I. Traditions and Conventions of Art
In the work entitled: “The Aesthetics of Sacred Space: Narrative, Metaphor and Motion in Ekphraseis of Church Buildings” published in the Dumbarton Papers No. 53 Dumbarton Oaks Research Library and Collection (1999) the question is asked: “How can one represent any in a medium that unfolds in time?” And asks as well the question of: “How can one represent in words the totality of visual experience – the infinite varieties of color, space, depth, texture, light and shade – offered by even the simplest object?” (1999) The writer states that art in the Byzantine period was just as the language of that time which the descriptions “are mirrors that must in some way ‘distort’ their subjects. At the same time, by the very act of selecting, ordering and presenting material they can act as a sort of commentary on their subjects.” Further related is that what distinguishes the words and phrases used to refer to the material appearance of buildings (often dismissed as ‘rhetorical ornamentation) that refer to other, unseen, aspects becomes less important.” (1999)
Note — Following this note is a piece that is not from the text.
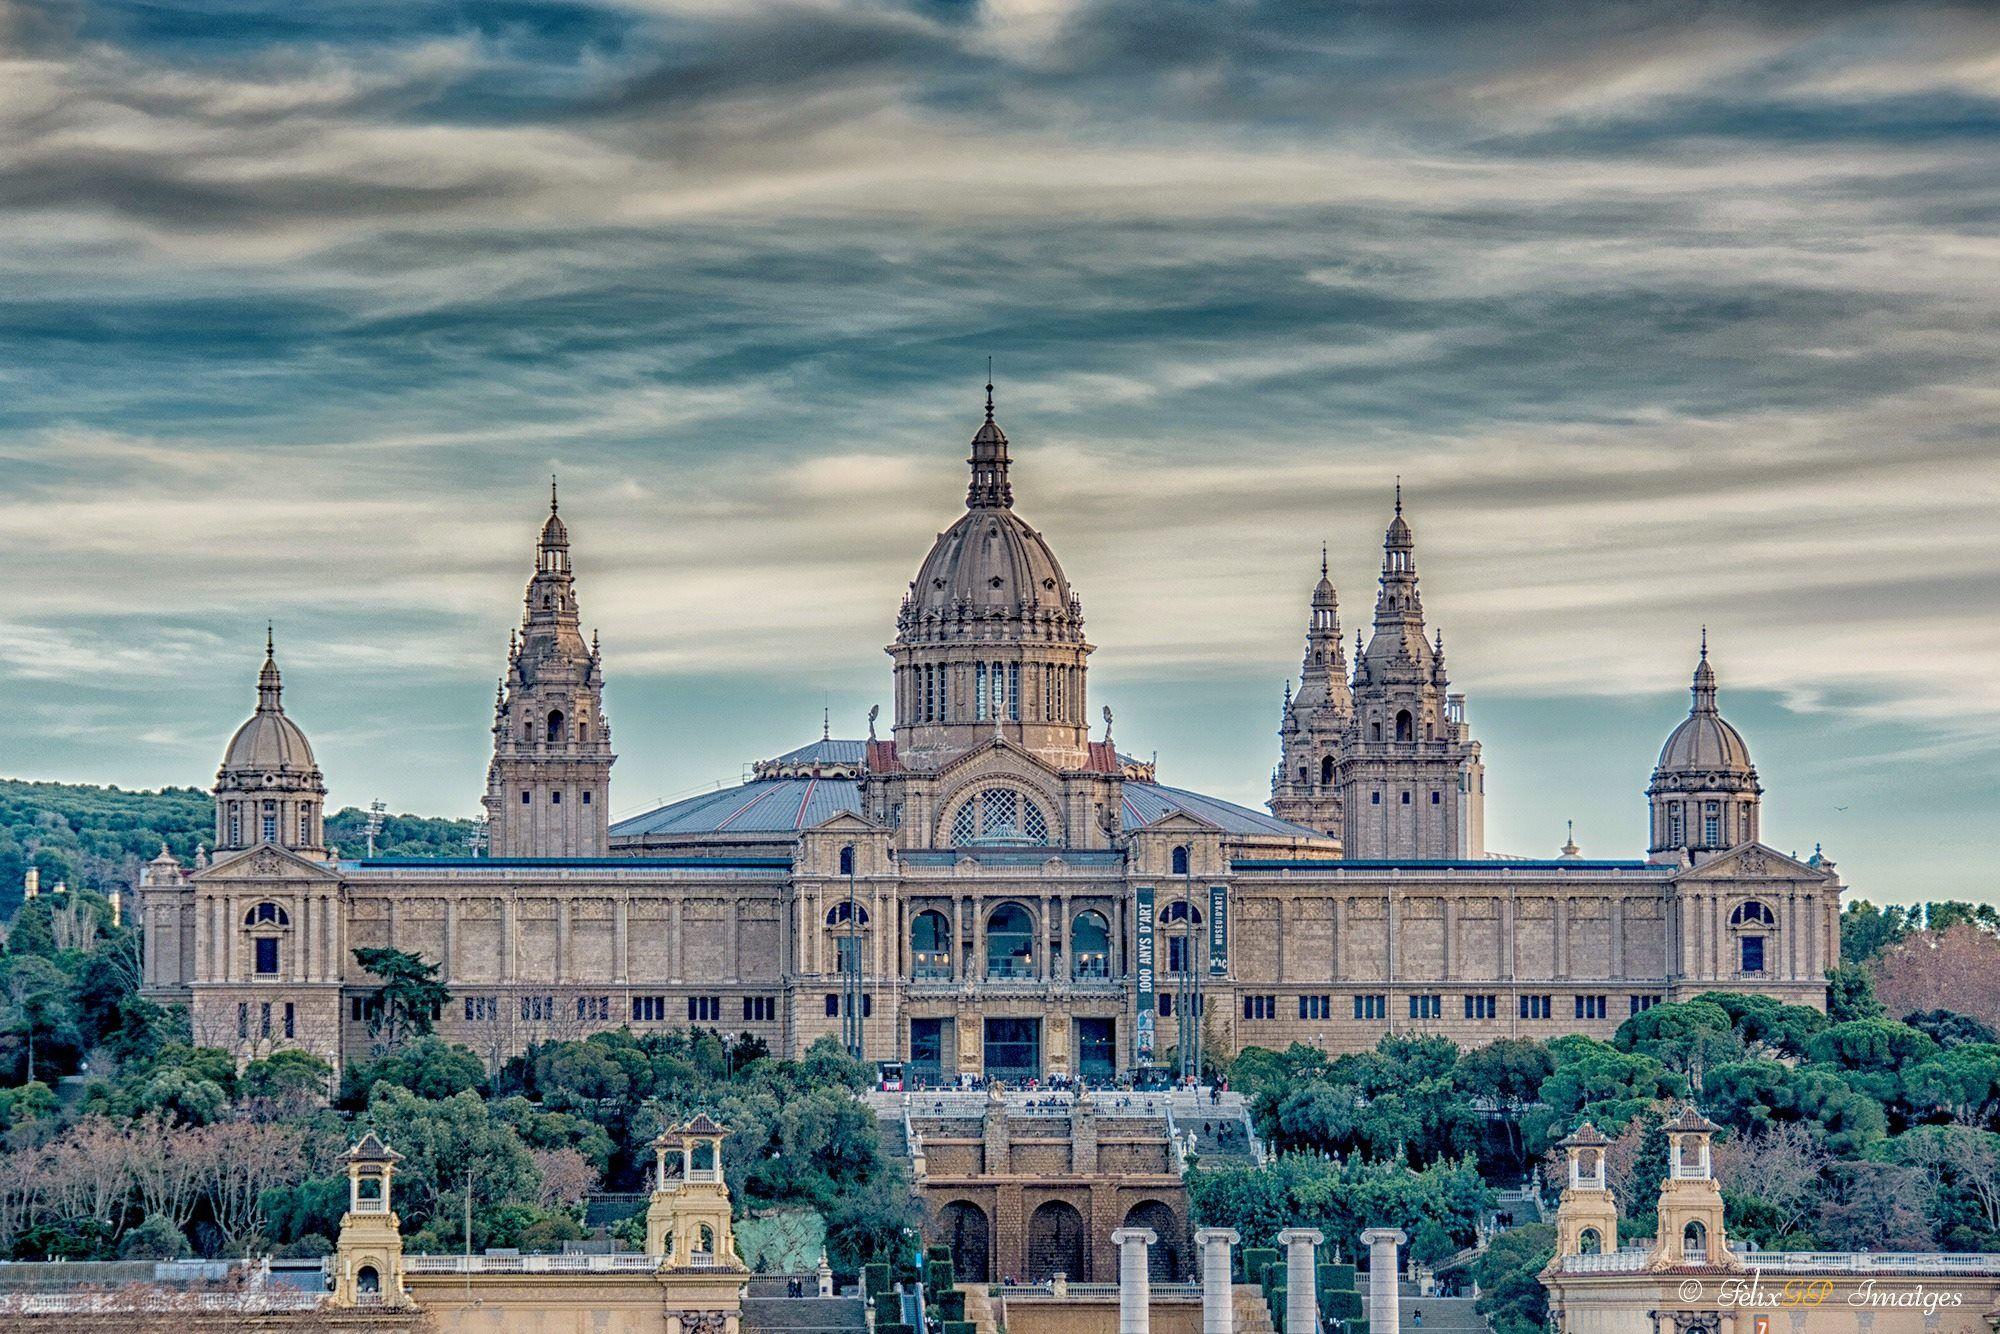 Mnac museu nacional dart de catalunya en montjuic

II. Semiotic Pattern in Byzantine Art
The work of Moss (1993) entitled: “A Culture Course Based on a Semiotic Pattern” published in the states that the point of the icon in Byzantine art was not “that the worshipper makes some connection between several scenes which remind him of a story, but that the icon of a saint is really connected in some mystical way to its prototype.” (1993) In other words the Byzantine theology the icon and prototype while different in nature are in actuality “identical in person.” The vertical dimension is more important that the horizontal therefore the frontal pose of the person of the icon is the assurance of “maximal contact between the worshipper and the image. ” (Ibid) There is a division existing between “expression and content” explained in the work of Moss who states: “the relation between expression and content can be viewed as the only possible one or as arbitrary and convention. ” (Ibid)
III. Art Under the Control of the Church and the State
While Byzantine art was of help in the preservation and transmittal of the “accumulated heritage of the Classical world…” Byzantine art, known to be of a conservative nature was dictated in both its themes and flavor by both Church and State evidenced in the religious and imperial imagery depicted in the art of the time period. Artistic creativity was not an issue in the Byzantine period. It was decreed of the Church Council of Nicaea in 787 that artists were not to be thought of as ‘creators’ but instead the decree stated that: “It is for painters to execute; it is for the clergy to ordain the subjects and govern the procedure.” (Ibid) The sole function of art was to “…illustrate theological truths in an orthodox manner.” (Ibid)
The work of Piotrowski (nd) entitled: “Representational Function of Daylight in the Katholikon of Hosios Loukas” states that “light related phenomena were essential to the symbolic functioning of Middle Byzantine churches like the Katholikon in the Monastery of Mosios Loukas. Yet because of the limitations of current dominant models of ‘knowing’ architecture and art, the symbolic use of light in such buildings remains practically un recognized.” (Petrowski, nd) It is held by Petrowski that the phenomena of light in the representation of the divine prescience in the Byzantine churches caused the interior of the churches to resonate “with imagination in a way specific to the Byzantine constitution of religious ideas.” (Petrowski, nd)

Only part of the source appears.